Furthermore, management accountants are also responsible for ensuring the accountability of organisational resources. Resources especially rare and valuable ones are rather limited to an organisation and thereby it is the responsibilities of managers to ensure that these resources are used effectively and efficiently. In consequence, management accounting knowledge is essential to decisions regarding to matters like the optimum level of production, the range of product and/or service lines and the appropriate amount of investment in new equipment (Atril and McLancey, 2005). As the demand for better usage of resource becomes increasingly important, a new accounting approach 每 Resource Consumption Accounting (RCA) has been developed recently in order to provide managers with supporting information of such decisions, and its core idea is a different view of resources (Clinton and Anton, 2008a & 2008b). Under this approach, the cost and revenues of an organisation are all a function of the resources that produce them. Cost behaviour thereby is determined by the behaviour of resources as they are applied to organisational value added activities (ibid).

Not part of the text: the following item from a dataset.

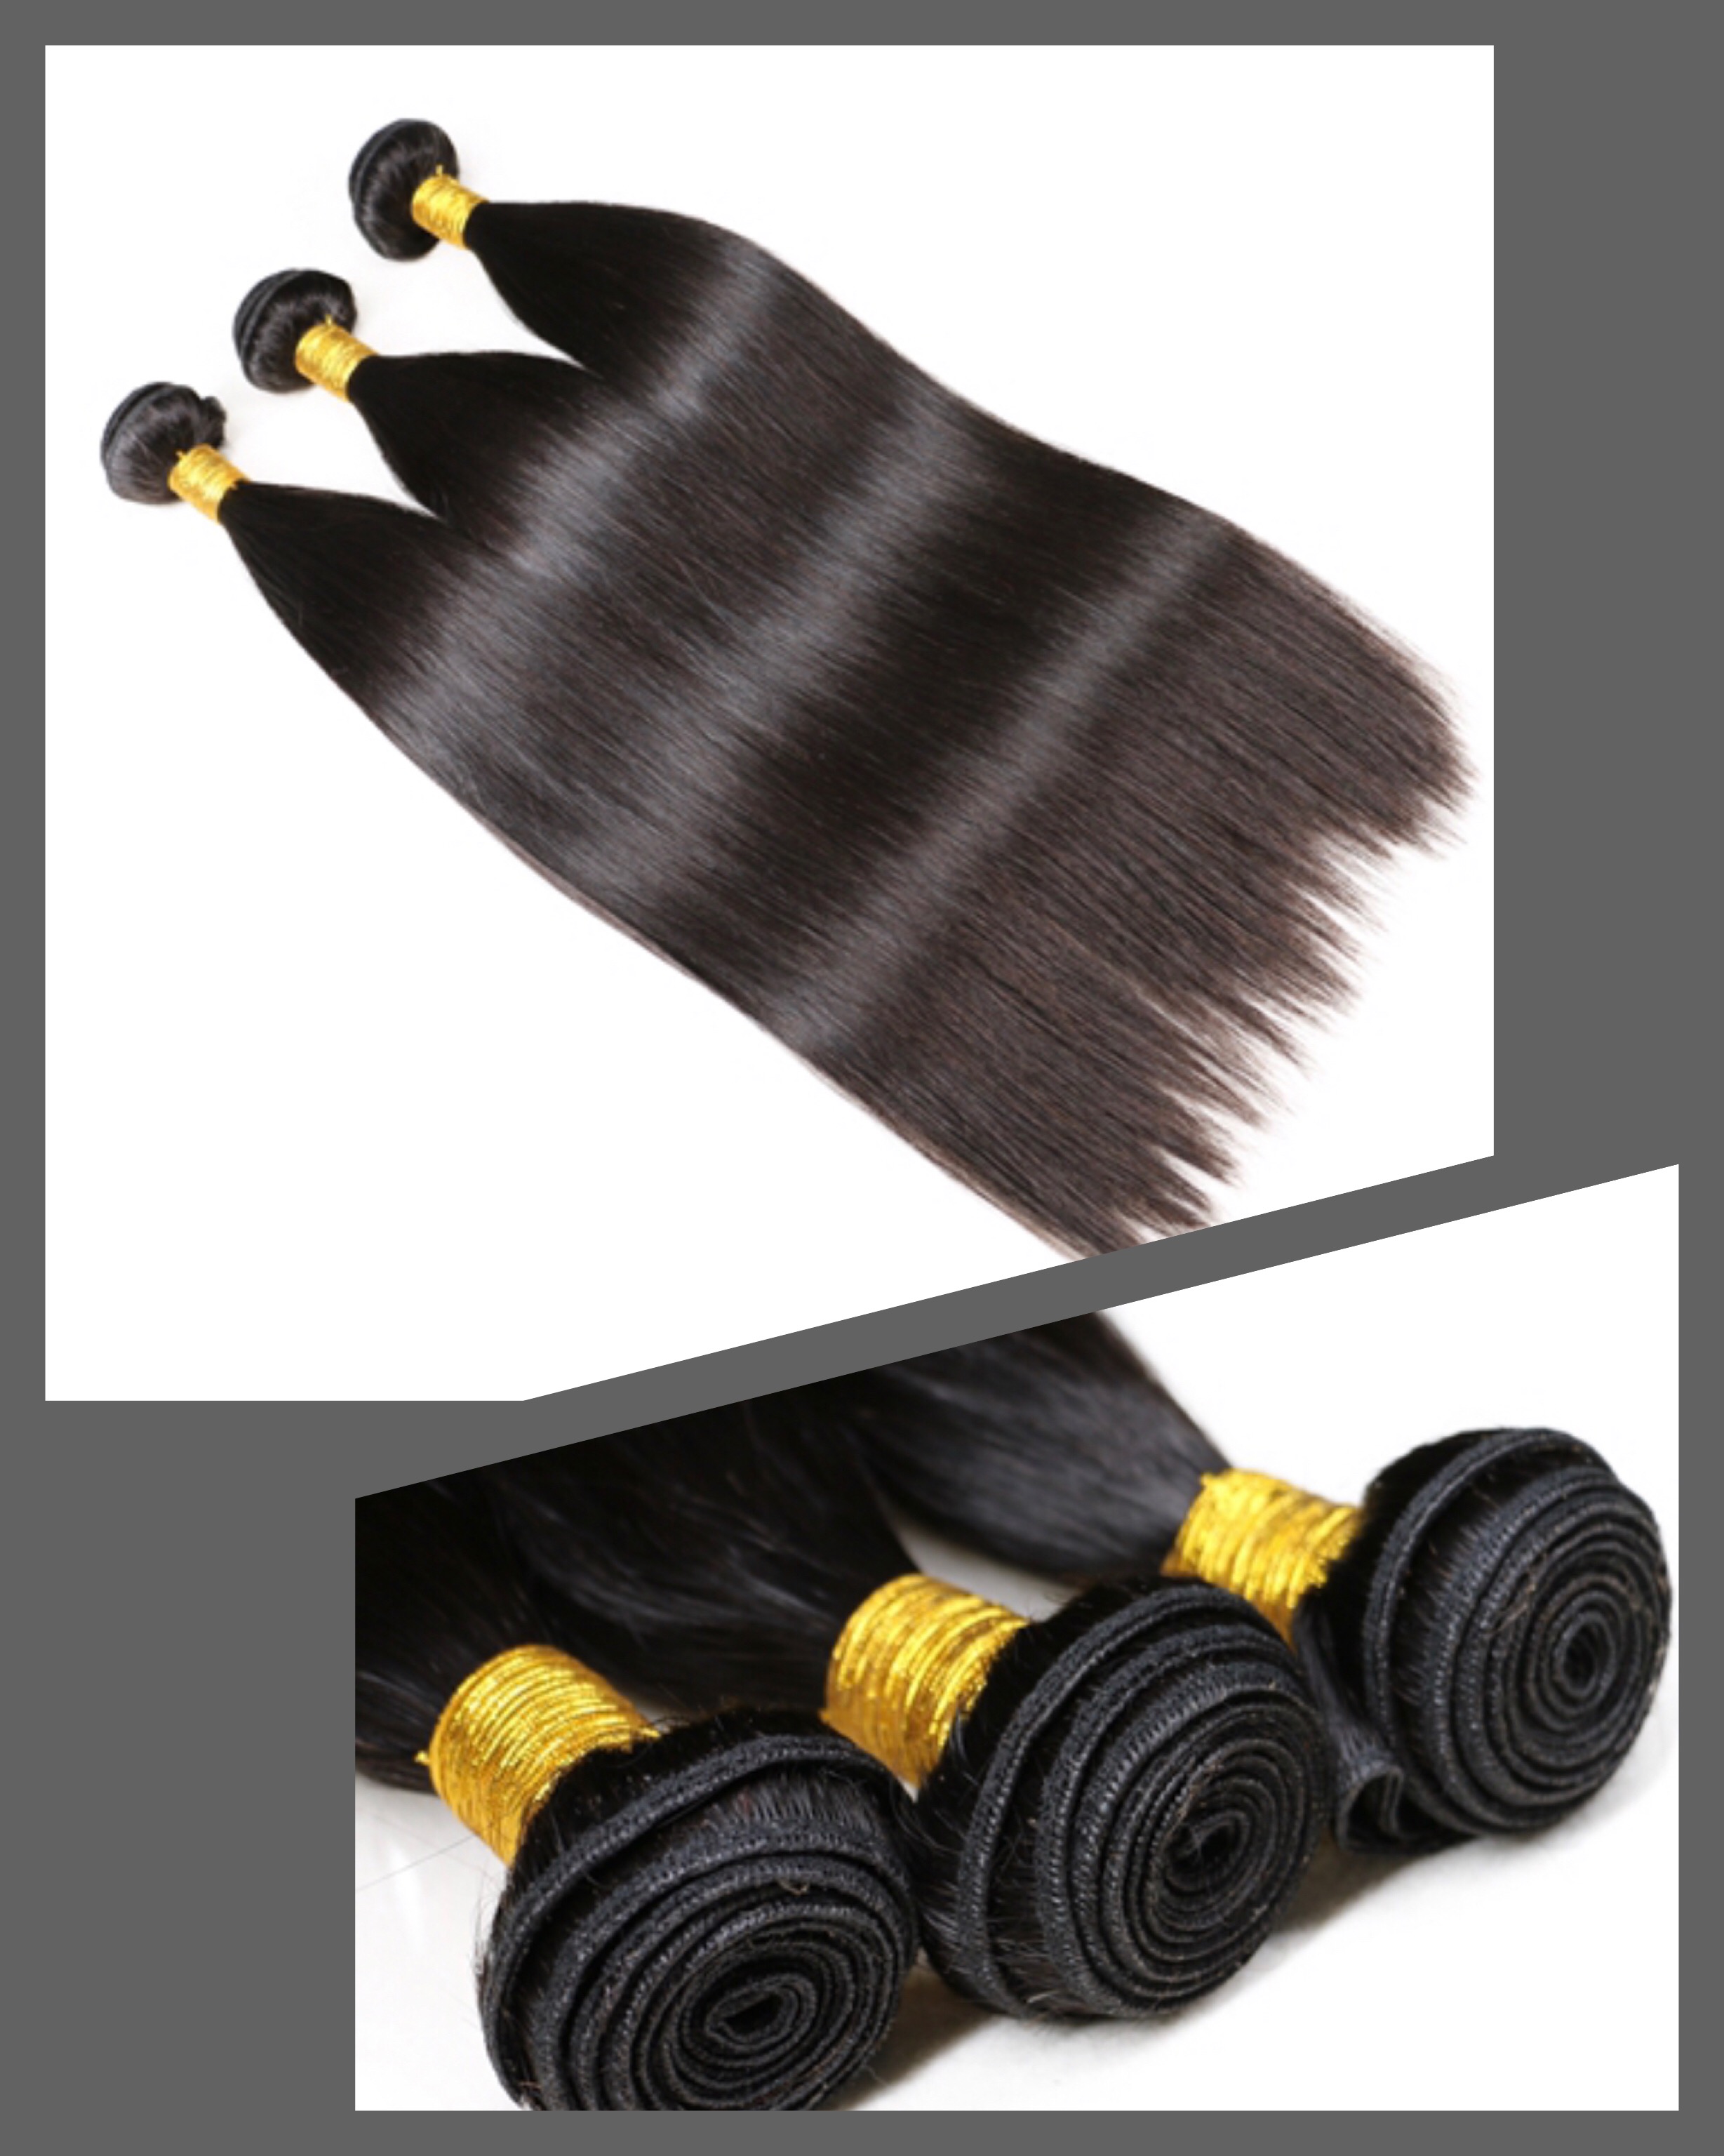 Top tips on how to buy Hair Extensions - Prestige Hair Extensions

Finally, it has been an increasing essential role of management accountants to report externally. In the past the information offered to managers was largely restricted within the organisation. However, due to the growing significance of external factors such as the attitudes and behaviours of customers and rival businesses, the focus of management accounting today has become much more outward-looking (Atril and McLancey, 2005). On one hand, management accountants are suggested to conduct competitor profitable analysis in order to gain valuable information of competitors. On the other hand, customer profitability analysis (CPA) has been widely applied to access the profitability of the business regarding to each customer (ibid). Drury and Tayles conducted a survey among 176 large UK businesses in 1999, indicating that 76% of respondents did analyse the profitability of trading with customers. The reason behind this is that companies* resources are limited and not all the customers are profitable to businesses. As seen in Figure 3, only 20% of customers are actually profitable. Therefore, companies must tailor their products or services to meet the specific requirements of the most profitable customers.